**PROBLEM TO SOLVE**. Please retype the listing below exactly as it stands, skipping any pictures.

==== DATA EXTRACT ====

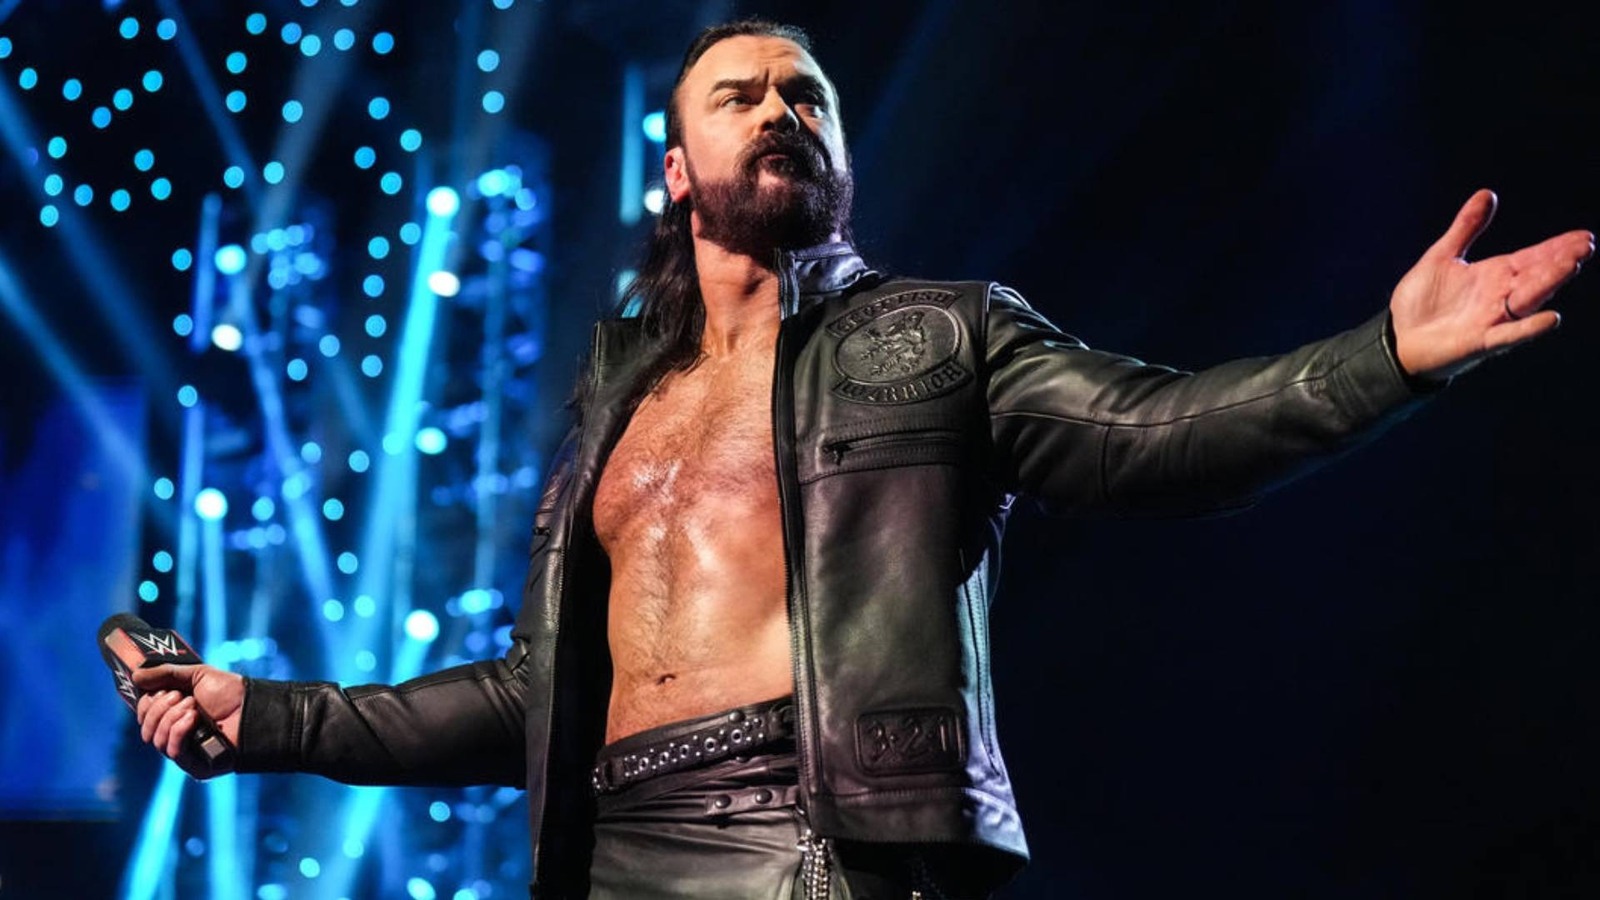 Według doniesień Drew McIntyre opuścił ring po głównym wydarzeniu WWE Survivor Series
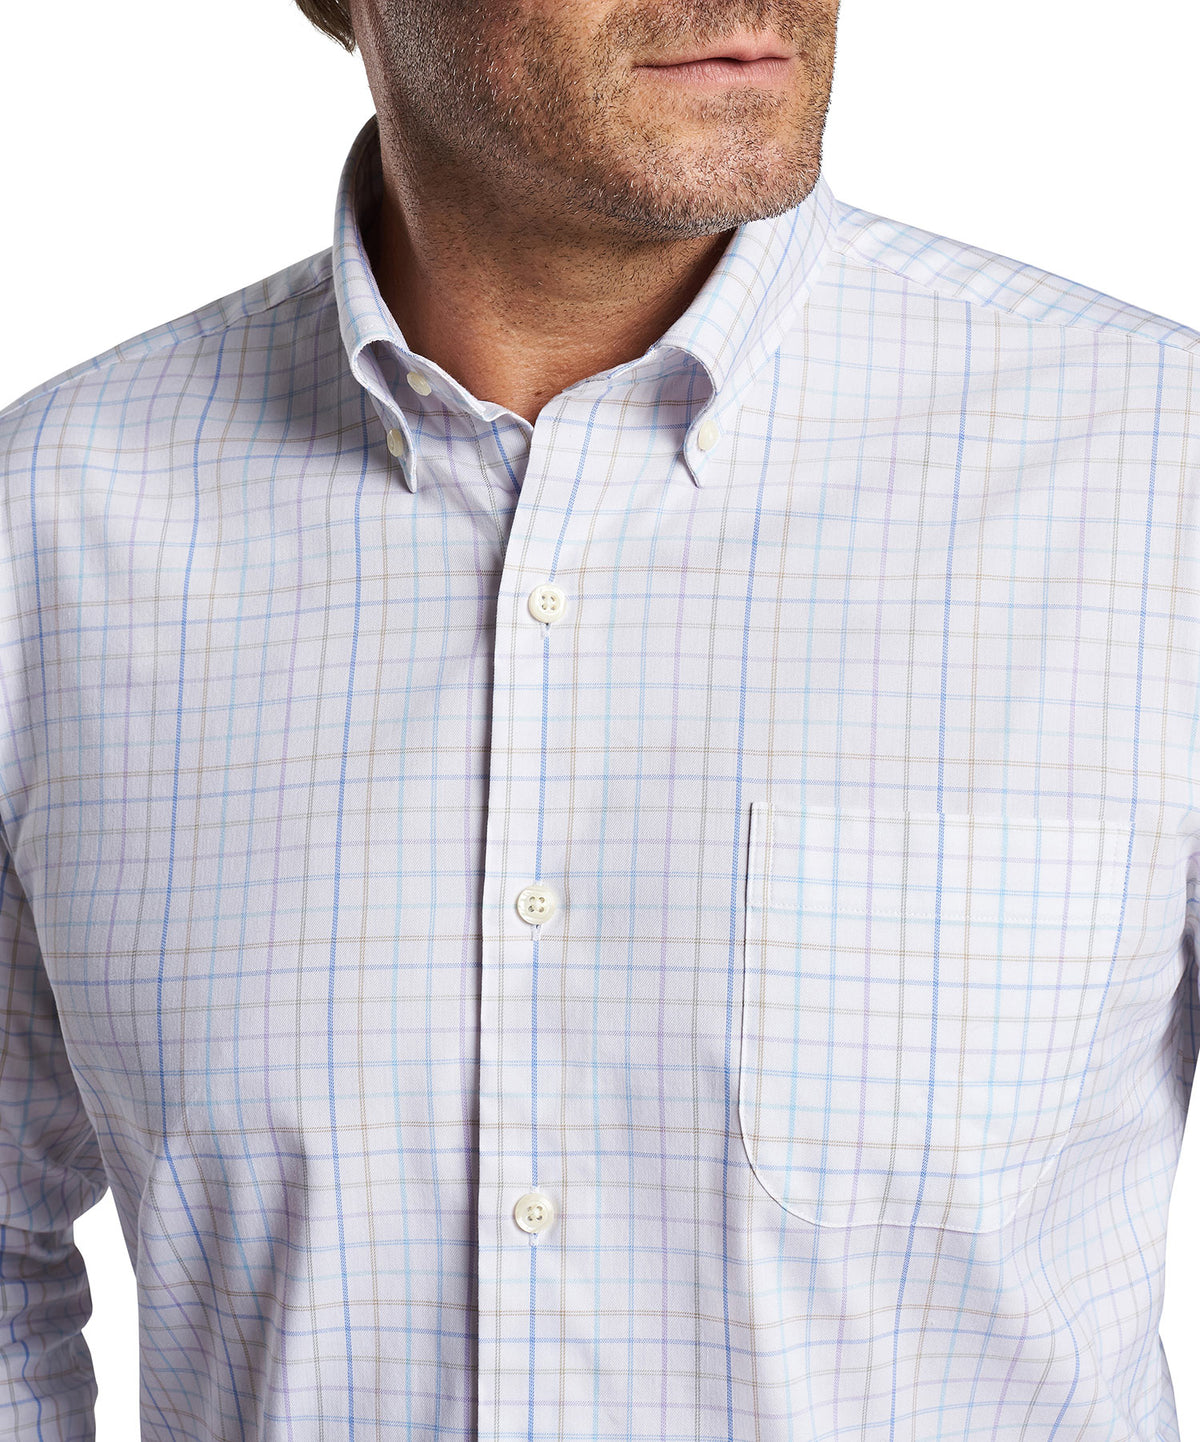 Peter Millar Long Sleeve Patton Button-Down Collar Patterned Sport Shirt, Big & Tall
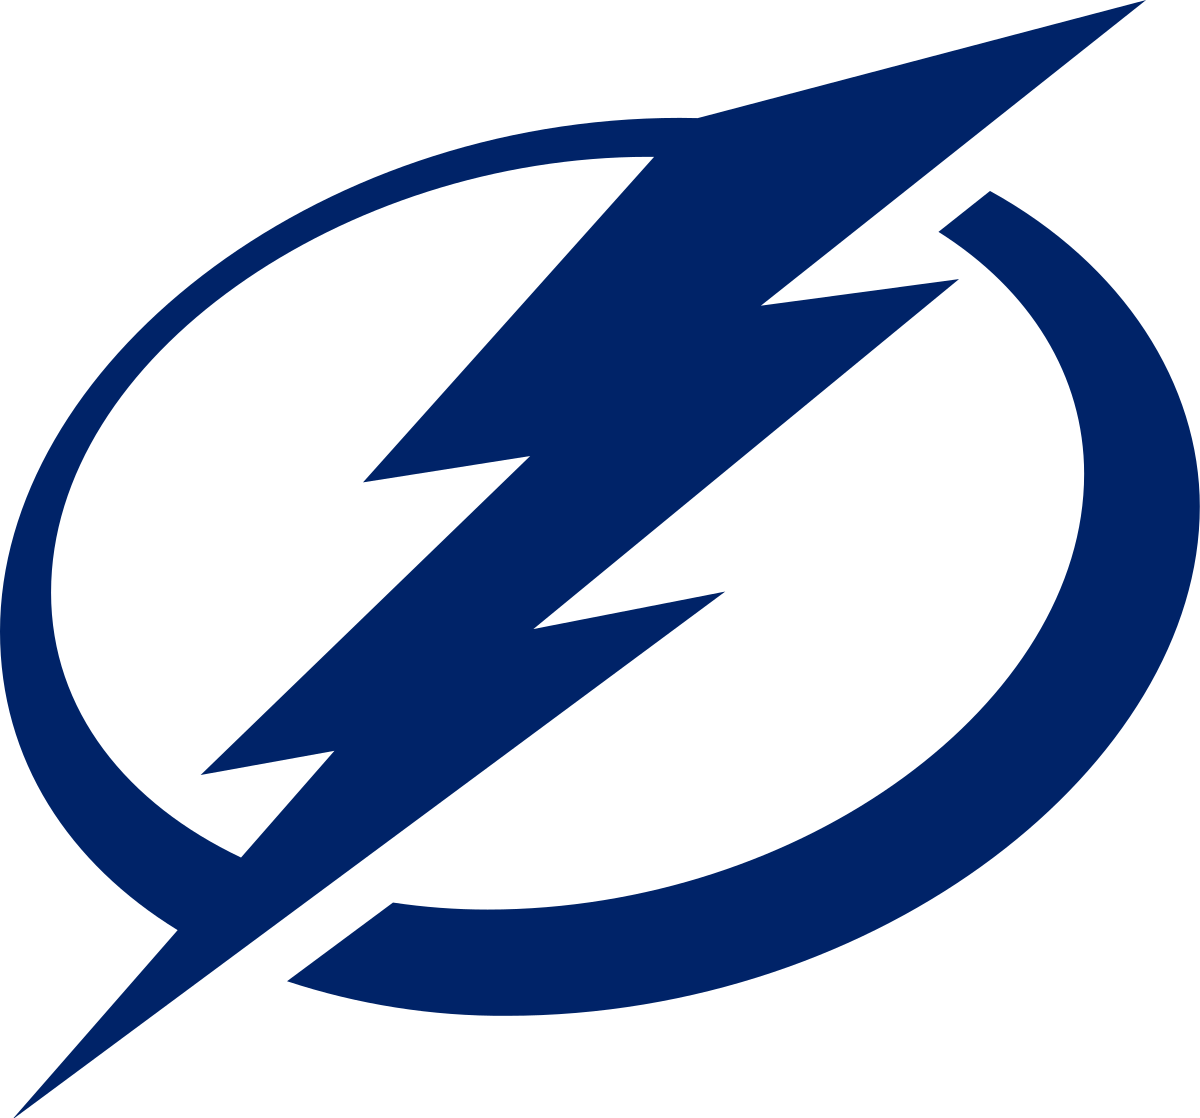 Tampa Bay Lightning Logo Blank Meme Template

====

**RESPONSE FOR THIS EXERCISE**.
 Według doniesień Drew McIntyre opuścił ring po głównym wydarzeniu WWE Survivor Series
 Peter Millar Long Sleeve Patton Button-Down Collar Patterned Sport Shirt, Big & Tall
 Tampa Bay Lightning Logo Blank Meme Template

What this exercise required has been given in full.